In this section, we list consensus or recommended requirements for the behavior of the system. These may change, but hopefully they'll provide useful baseline information in the meantime.

  1. Here is a note from Tom Junk regarding the need for storing sequential events in a single raw data file: "We do not need events to be sequential, or in a single file stream, as long as the data for a triggered readout is contained within a single art event and not multiple ones. The 35-ton feature of spreading data
    from a single readout across multiple art events required some offline event assembly that works much better if the events are in a singlestream (ordering within a stream still isn't too critical however as art supplies an index)."
  2. We believe that a pseudo-random subset of the raw data events is acceptable for online monitoring.
    • Some further information from Tom Junk: "Monitoring is needed, though the pseudorandom fraction can be small. Lightweight monitoring like making means and RMS's should be done on as high a fraction of events as possible. Event displays made one every spill should be enough (takes a few seconds to look at one, and the spills are only 4sec long). Some fraction of the data should be reconstructed with LArSoft, but that fraction can be as small as we like."
  3. Some amount of compression, likely ROOT compression level 1, may be needed from the DAQ software system. Compression within an art module inside an EventBuilder process is not foreseen to be needed, at this time.
  4. A checksum is requested. (This needs to be understood more, e.g. where in the chain it should be computed.)
  5. Filtering inside of artdaq does not appear to be needed at this time.
General DAQ requirements (listed by Kurt, some of these may not apply to protoDUNE):
  1. Provide a pathway, and infrastructure, for configuration of the upstream hardware.
  2. Read out the physics and calibration data from the hardware.
  3. Assemble complete events from the data fragments that are read out from the hardware. Each fragment contains data from a geographically distinct part of the detector. Each event contains data from a well-defined time window or trigger condition.
  4. Handle back-pressure gracefully (internally), and appropriately interact with the experiment-specific mechanisms to throttle triggers or otherwise communicate back-pressure conditions to the full DAQ system.
  5. Provide individual process and overall system state models that allow the hardware and electronics to be configured, data taking runs to be started and stopped, and the system to be shut down gracefully. Also, provide infrastructure for transmitting requests to change state to all necessary processes in the system (and replies).
  6. Provide the ability to filter events and/or compress the data in software.
  7. Provide the infrastructure for online data quality monitoring of the data.
  8. Provide tools to enabling of the data acquisition system itself (DAQ Monitoring).
  9. Provide a system for reporting status and error messages.
  10. Support event rates up to X and data rates up to Y delivered to the software filter algorithms.
  11. Support a data rate to disk of Z.

Design choices and ramifications

In this section, we list consensus or recommended choices for the behavior of the system. These may change, but hopefully they'll provide useful baseline information in the meantime.

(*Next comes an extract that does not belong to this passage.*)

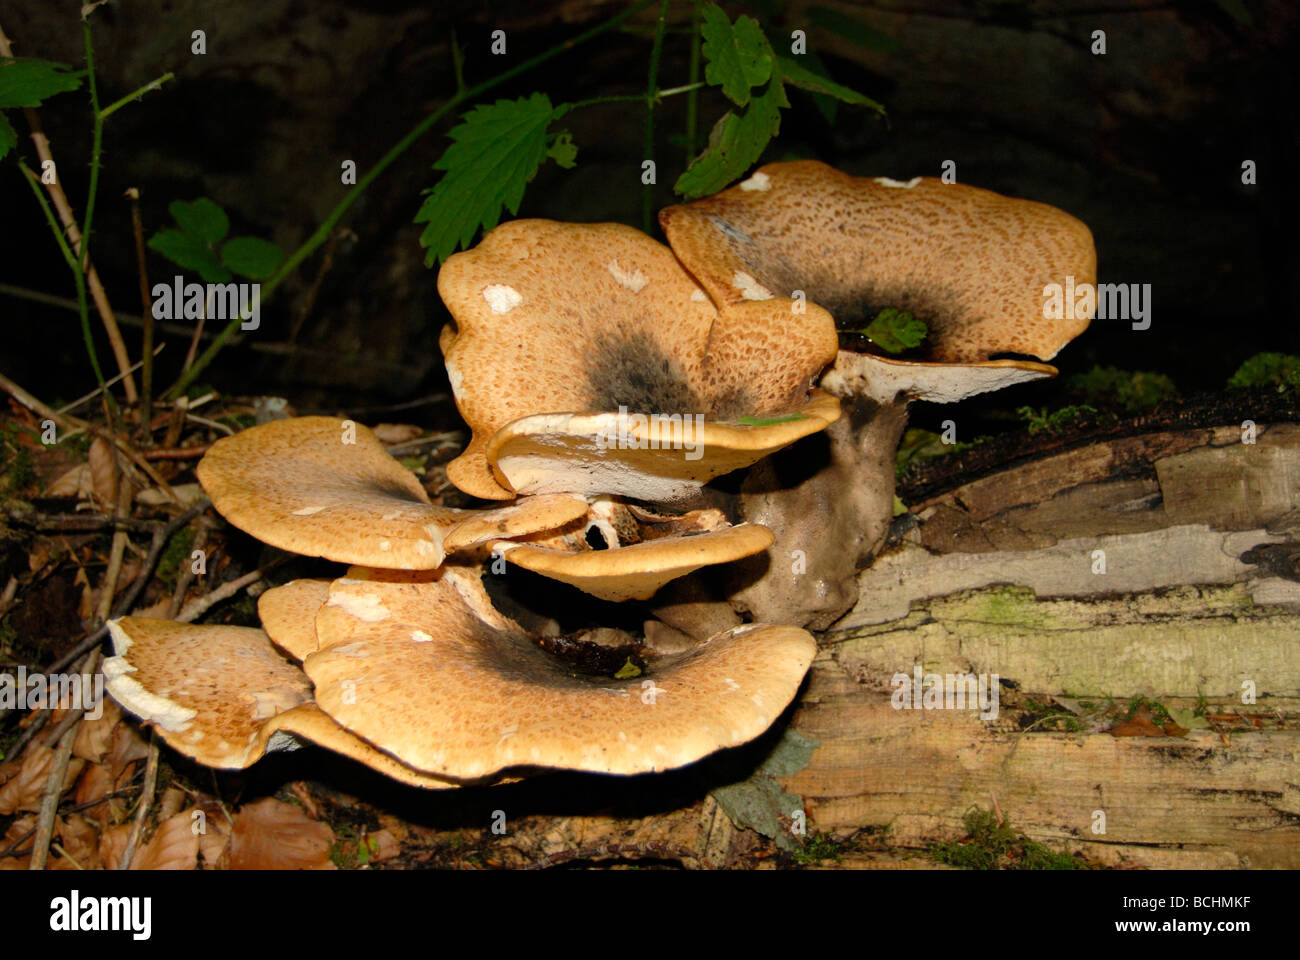 Large fungi growing out of an old tree trunk Stock Photo

  1. If we need to write data files from multiple Aggregators or EventBuilders, the events from concurrent files would naturally all have the same run and subrun numbers. The names of the concurrent files would need to have some sort of identifier to differentiate them from one another (e.g. the EventBuilder number or the Aggregator number). This identifier will be in addition to all of the typical information that is part of a raw data filename, such as run number, etc.
  2. Once the automatic closing of files moves to the RootOutput_module, the closing of files that are written in parallel would naturally be decoupled, so there would be no guarantee that files would have the same numbers of events, etc. Of course, if event data size is relatively constant, then one would expect the numbers of events per file to be similar.

DAQ cluster design and support

The specification of the DAQ cluster computers, switches, operating system(s), etc. is not under the auspices of the artdaq team, but it has a connection to artdaq in that the capabilities of these components will strongly affect the overall performance of the system. In addition, the support of these components will be quite important in ensuring the smooth operation of the DAQ. This section is intended to capture questions, ideas, and proposals in this area.

Questions:
  • What will be the support model for the computers, networking, and system-level software for the DAQ computers?

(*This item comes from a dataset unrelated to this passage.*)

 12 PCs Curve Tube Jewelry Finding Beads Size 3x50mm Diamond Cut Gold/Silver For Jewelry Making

Here is the preliminary list from Giles for DAQ activities in this area (we haven't yet heard what discussions may have happened regarding these items):

F1. Conceptual design of server/networking setup, oriented towards test stands and ProtoDUNE
F2. Implementation of server/networking at Fermilab test stands + advice for other test stands
F3. Implementation of server/internal networking at CERN for ProtoDUNE and tests
F4. External netowrking connections at CERN
F5. Maintain servers/networking during ProtoDUNE commission and run
F6. Design and discussions with conventional facilities at SURF for FD computing configuration

Teststands

What teststands are, or will be, available for testing DAQ system software, hardware, and performance? What are the capabilities of each of them?